Review of “Love & Friendship”: Lavish Jane Austen adaptation — which is told through letters — is a pure pleasure. Rating: 3.5 stars out of 4.
Lady Susan Vernon, the dubious heroine of Jane Austen’s 1790s-era novella “Lady Susan,” is a very accomplished flirt: the sort, an acquaintance notes, who “does not confine herself to that sort of honest flirtation which satisfies most people, but aspires to the more delicious gratification of making a whole family miserable.” She is, in short, someone who would be thoroughly annoying in real life, but quite delightful in fiction — and, in Whit Stillman’s sparkling comedy “Love & Friendship,” on screen.
As played by a splendidly hatted Kate Beckinsale, Susan is a velvet-voiced, prettily smiling schemer; a young widow seeking well-positioned husbands for herself and her daughter Frederica (Morfydd Clark) while depending on the hospitality of others. (“We don’t live,” she notes, of herself and Frederica. “We visit.”) As the film begins, she is preparing to descend upon the country estate of her late husband’s brother.
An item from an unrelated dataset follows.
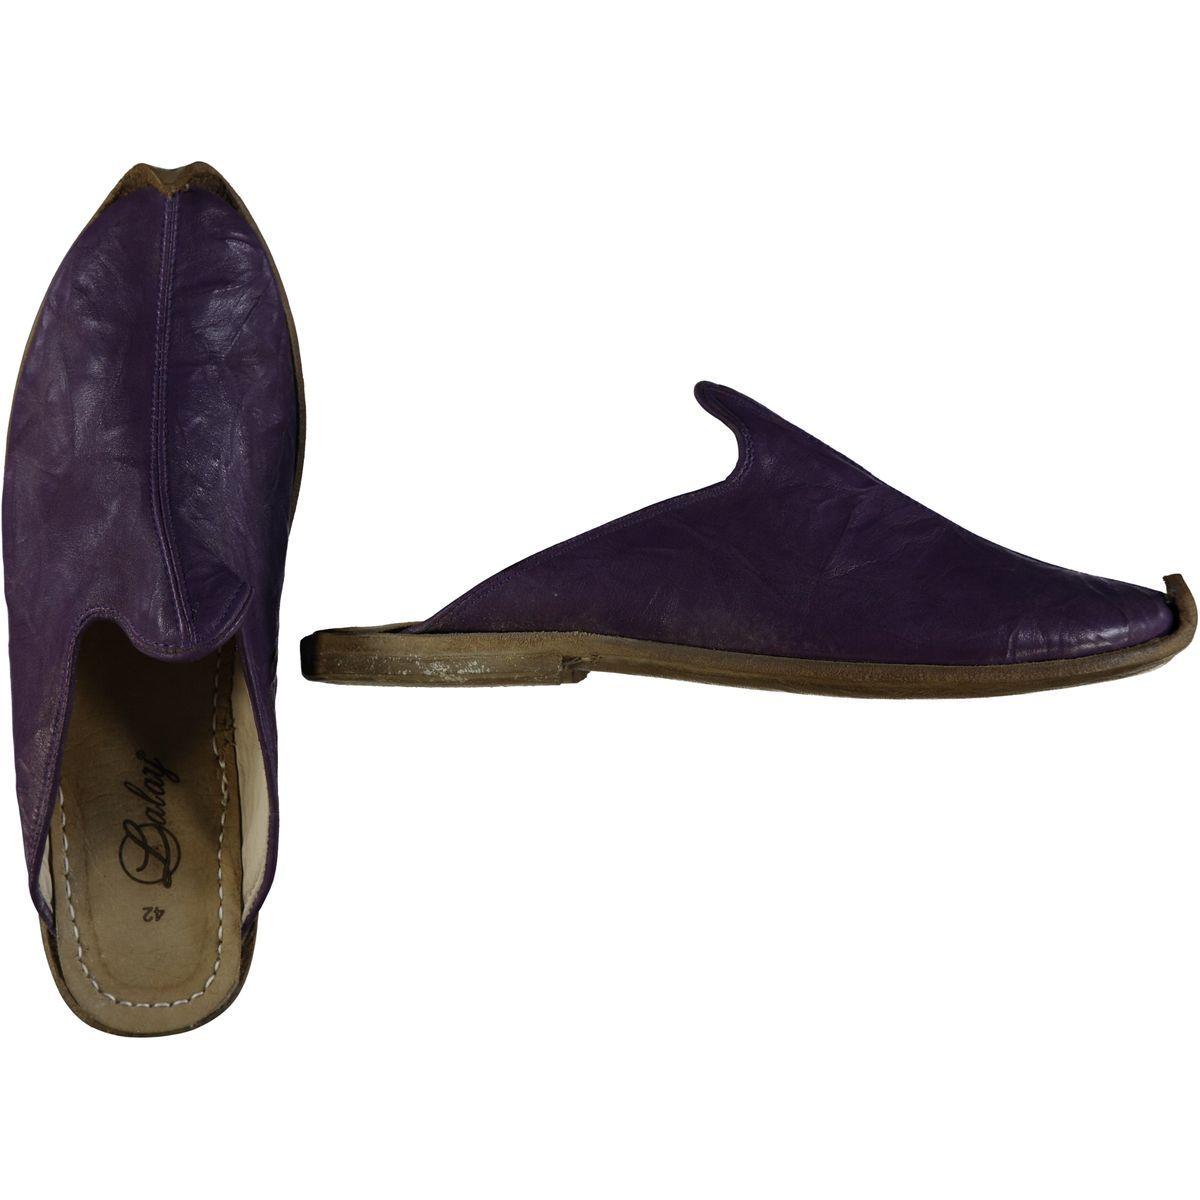 Slipper - Babouche - Leather / Handmade - Dark Purple

Chaos, in that wonderfully orderly Austen way, ensues.
“Lady Susan,” a brief early work unpublished during Austen’s lifetime, is told almost entirely through letters, and Stillman appropriately borrows that convention — I can’t think when I last saw a movie with so much handwriting in it, both in props and on the screen. (He also borrowed the title from a juvenile story from the author, charmingly misspelled by a teenage Austen as “Love and Freindship.”) While you wish there were a little more to it, and that the wonderful Stephen Fry (who nibbles at the edge of this film like a cat with a newspaper) had more to do, “Love & Friendship” is pure pleasure, from the lavishly precise sets and costumes to the pitch-perfect tone. It’s self-consciously mannered and merrily playful; a mixture that Austen herself might find just right.
Movie Review ★★★½
‘Love & Friendship,’ with Kate Beckinsale, Xavier Samuel, Morfydd Clark, Emma Greenwell, Tom Bennett, James Fleet, Chloë Sevigny, Stephen Fry. Written and directed by Whit Stillman, based on the novella “Lady Susan” by Jane Austen. 93 minutes. Rated PG for some thematic elements. Several theaters.